Under the FLSA, an employee is exempt from overtime compensation as an “executive” if: (1) he is compensated on a salary basis at a rate of not less than $455 per week; (2) his primary duty is “management of the enterprise in which the employee is employed”; (3) he “customarily and regularly directs the work of two or more other employees”; and (4) he has “the authority to hire or fire other employees” or his “suggestions and recommendations as to the hiring, firing, advancement, promotion” of other employees are “given particular weight.”
In Smith v. BLD Servs., LLC, No. 117-00167-JMC, 2018 BL 57886 (D. Md. Feb. 21, 2018), the Plaintiff claimed that his employer misclassified him as an “executive” employee exempt from overtime compensation and paid him on a salary basis in order to avoid paying him overtime compensation mandated by the FLSA and MWHL
The Defendant filed a motion for summary judgment arguing that Plaintiff was exempt as an “executive” employee.
In the Court’s analysis, it noted that Plaintiff admitted to elements 1 and 3 of the “executive” employee exemption.
Plaintiff also conceded element 4, although he tried to argue that his suggestions were not given particular weight because his project manager, who outranked him in his superintendent position, ultimately made final hiring and firing decisions. The Court noted, however, that the regulations specifically state that an employee’s suggestions and recommendations may still be given particular weight even if the employee does not make the ultimate decision.
Finally, the Court analyzed the second element of the executive employee exemption requiring that management be the primary duty of the exempt employee.
For management to be the employee’s “primary duty,” it must be the principal, main, major or most important duty that the employee performs.” 29 C.F.R. § 541.700(a).
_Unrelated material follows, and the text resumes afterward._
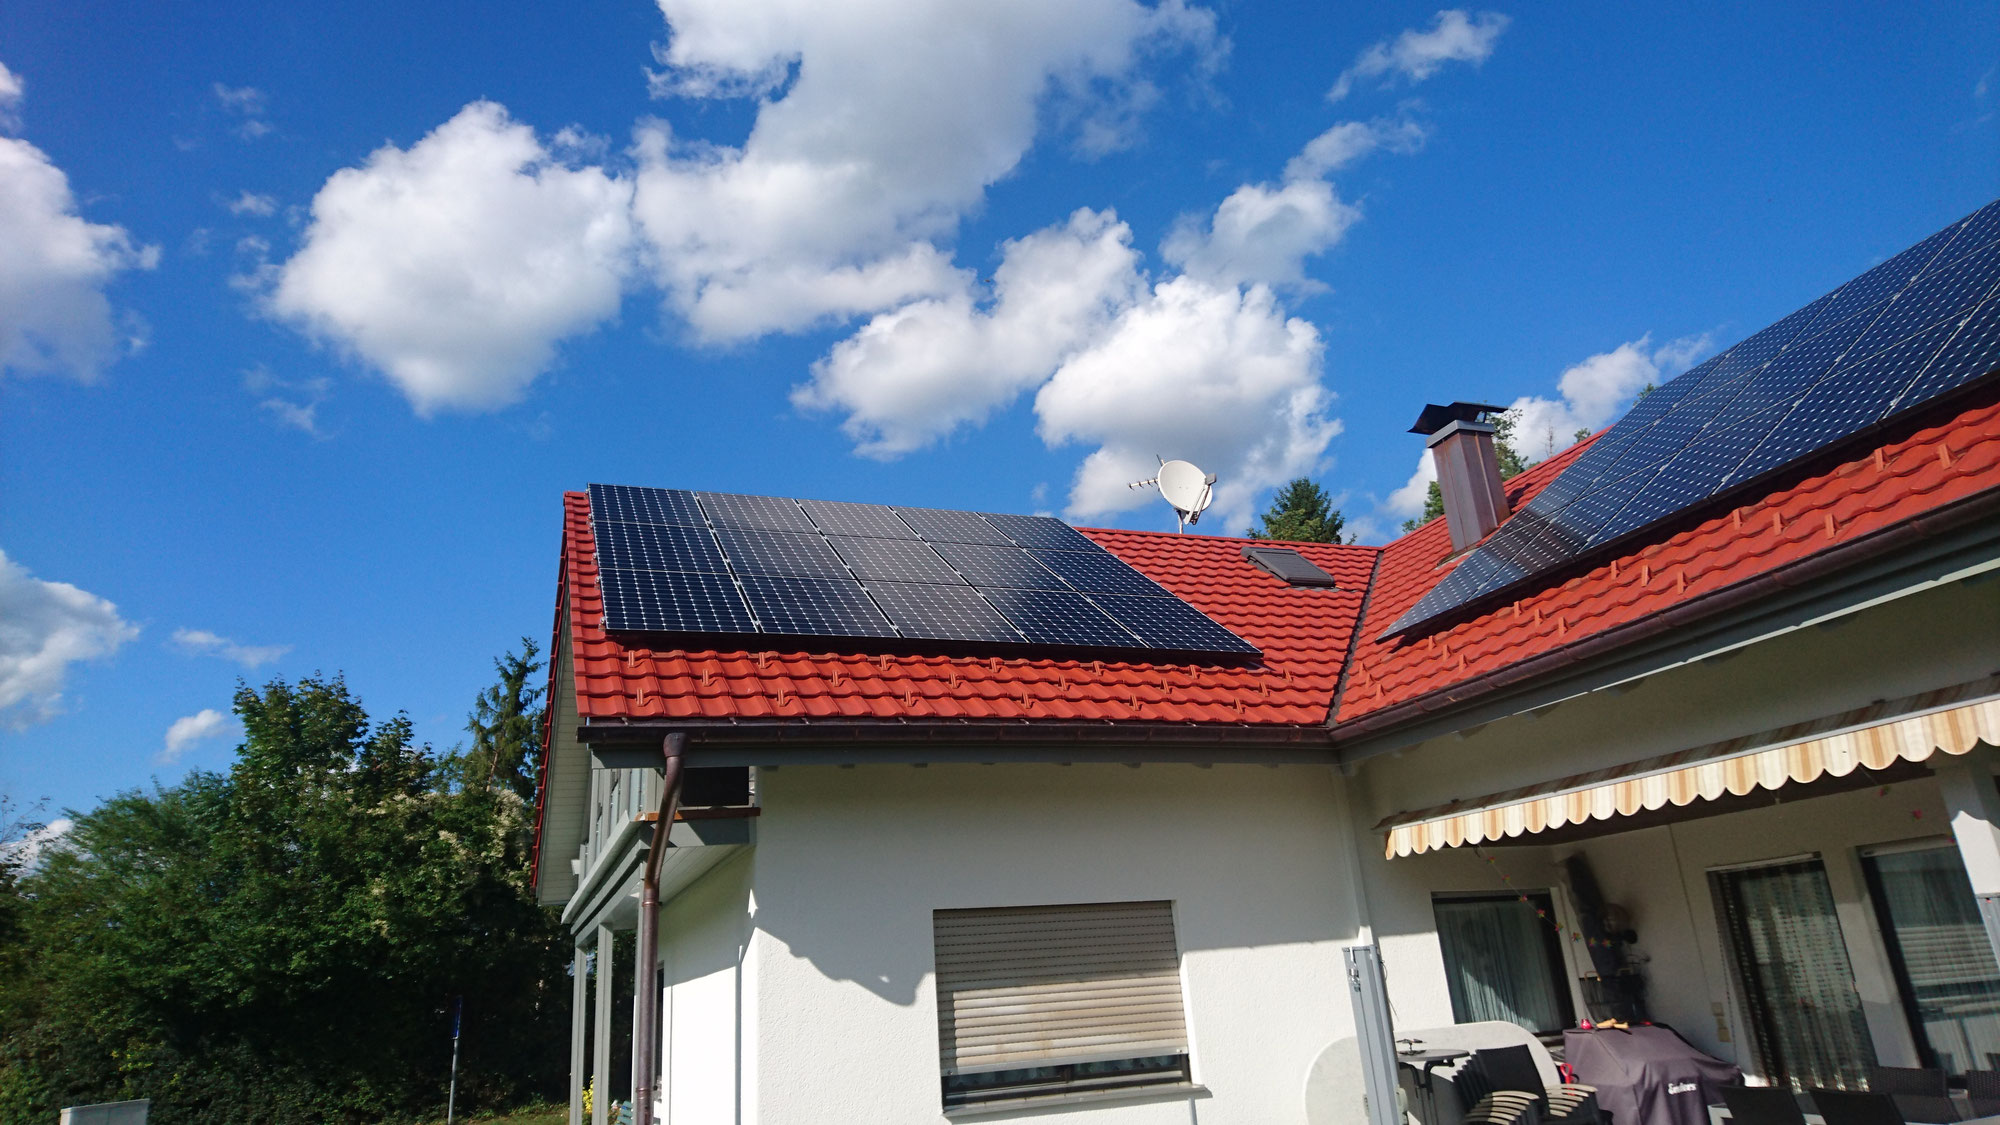 wie funktioniert photovoltaik wissenswertes ber photovoltaik solar und energiespeicher. Black Bedroom Furniture Sets. Home Design Ideas

In analyzing what constitutes an employee’s primary duty, courts consider “the relative importance of the exempt duties as compared with other types of duties; the amount of time spent performing exempt work; the employee’s relative freedom from direct supervision; and the relationship between the employee’s salary and the wages paid to other employees for the kind of nonexempt work performed by the employee.” Jackson v. ReliaSource, Inc., Civ. No. WMN–16–358, 2017 WL 193294, at *4 (D. Md. Jan. 18, 2017).
The Defendant argued that Plaintiff acted in a managerial role because he was responsible for production, expense, and time reports, had the authority to discipline crew members, planned jobs based on a list of projects provided to him in order to maximize efficiency, scouted upcoming projects, maintained safety guidelines, and was given a company credit card to purchase necessary items for jobs. Defendant further alleged that Plaintiff was the only person performing these managerial duties for his crew, and for that reason Plaintiff’s managerial duties were his most important duties.
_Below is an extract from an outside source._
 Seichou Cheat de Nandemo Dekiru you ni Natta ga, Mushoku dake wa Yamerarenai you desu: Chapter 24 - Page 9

However, Plaintiff testified that his primary duties were physically setting up and doing the manual work on the lateral production and that his supervisory duties were only a minor part of his day to day job, both in the amount of time he spent doing them and the importance of those activities to the crew’s function.
Plaintiff also contended that he worked under the direct supervision of a project manager and without much autonomy, while Defendant argued that he operated his crew without direct supervision the vast majority of time. Neither Plaintiff nor Defendant provided a comparison of Plaintiff’s monetary compensation to that of his other crew members.
The Court ruled that a genuine dispute of material fact existed as to whether management was Plaintiff’s primary duty in his position as superintendent for Defendant and therefore denied Defendants’ motion for summary judgment.